Hello.
I'm working on some microarray data, and I have lists with deregulated genes for each treatment. Now i want to run a PCA analysis on these genes to see if they are grouped in respect of treatments.
The thing is that the lists with the expression values that I have are not of the same length. For example (values are random) :
deregulated_treat1 = c( 2.334, 1.3244, 2.2223, 4,5554, 7.5444, 3.3455 )
deregulated_treat2 = c( 1.674, 1.3534, 3.2253, 4,5554, 7.5444, 8.1115, )
deregulated_treat1 = c( 2.334, 1.3244, 2.2223, 4,5554 )
The first step before running the PCA analysis is to create a matrix that will contain all treatments and their values. But some genes are not deregulated in all treatments and I don't know what value should i use at its place in the matrix. Should i use the 0 value or NA's ?
The matrix that I'm thinking to build is like the following
|Gene Name|Treat1|Treat2|Ttreat3|
|Gene1 |2.445 |1.533 |7.344 |
|Gene2 |2.445 |0/NA |1.424 |
|Gene3 |2.445 |2.463 |0/NA |
|Gene4 |2.445 |5.533 |0/NA |
Any ideas ?
I would like to ask when you say expression values, how do you retrieve these expression values for your genes across each treatment. If its microarray then all should have certain intensity values or normalized expression values, so NA should not be there. 0 expression is still a possibility if you do not have any expression for those genes. PCA is a way of reducing the dimension with a new characteristic on linear combination. So probably your PCA is not on the correct values.

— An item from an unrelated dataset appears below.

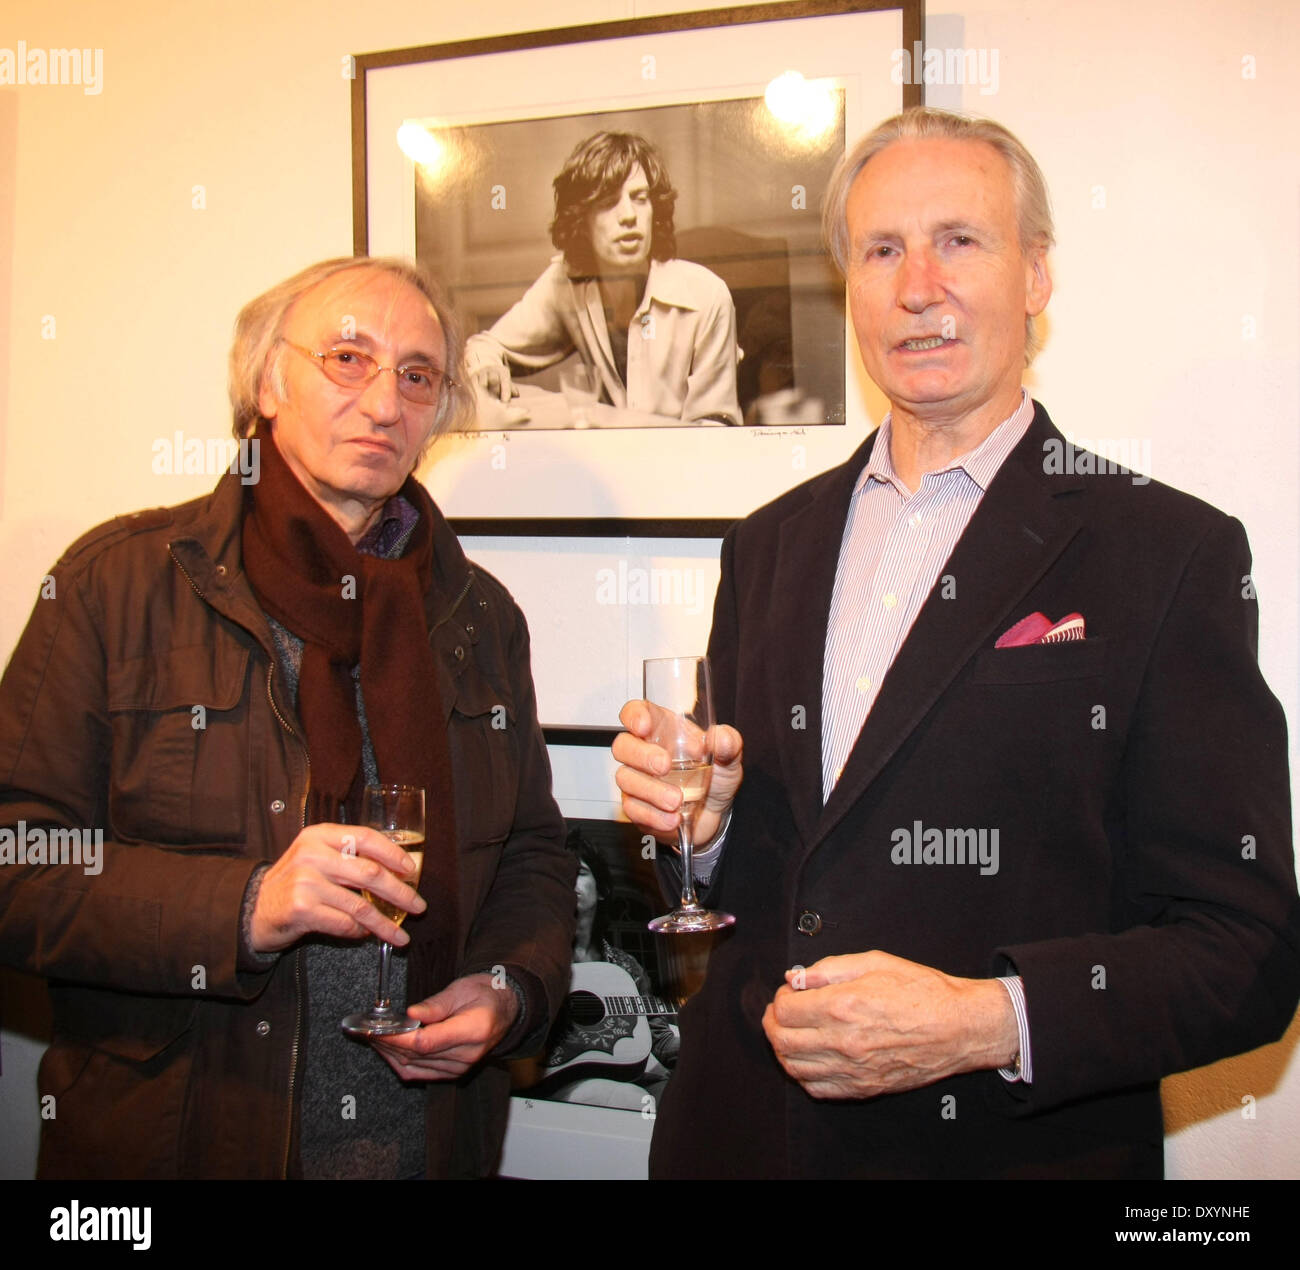 Brown Sugar on Main Street: Unseen Images of The Rolling Stones private viewing session at the Zebra Gallery Featuring: Dominique Tarle,Peter Webb Where: London United Kingdom When: 22 Nov 2012 Stock Photo

When you say de-regulated does it refer to differentially expressed genes from microarray, in that case you should be able to obtain normalized expression of those genes across your sample and simply plot them. Otherwise , I see this as a problem , others might give more inputs but to me it does not make sense.
The initial microarray data was expression values and normalized them with quantile method. Then i run on them a dunnet's test to get the most significant deregulated (differentially expressed) genes. Let's say that for each treatment i got the following DE genes
The above values are the indexes of the genes (rows) from the initial dataset. The next step is to match these indexes with the initial normalized expression values
and finally construct the corresponding matrix
And I want to use these data for PCA.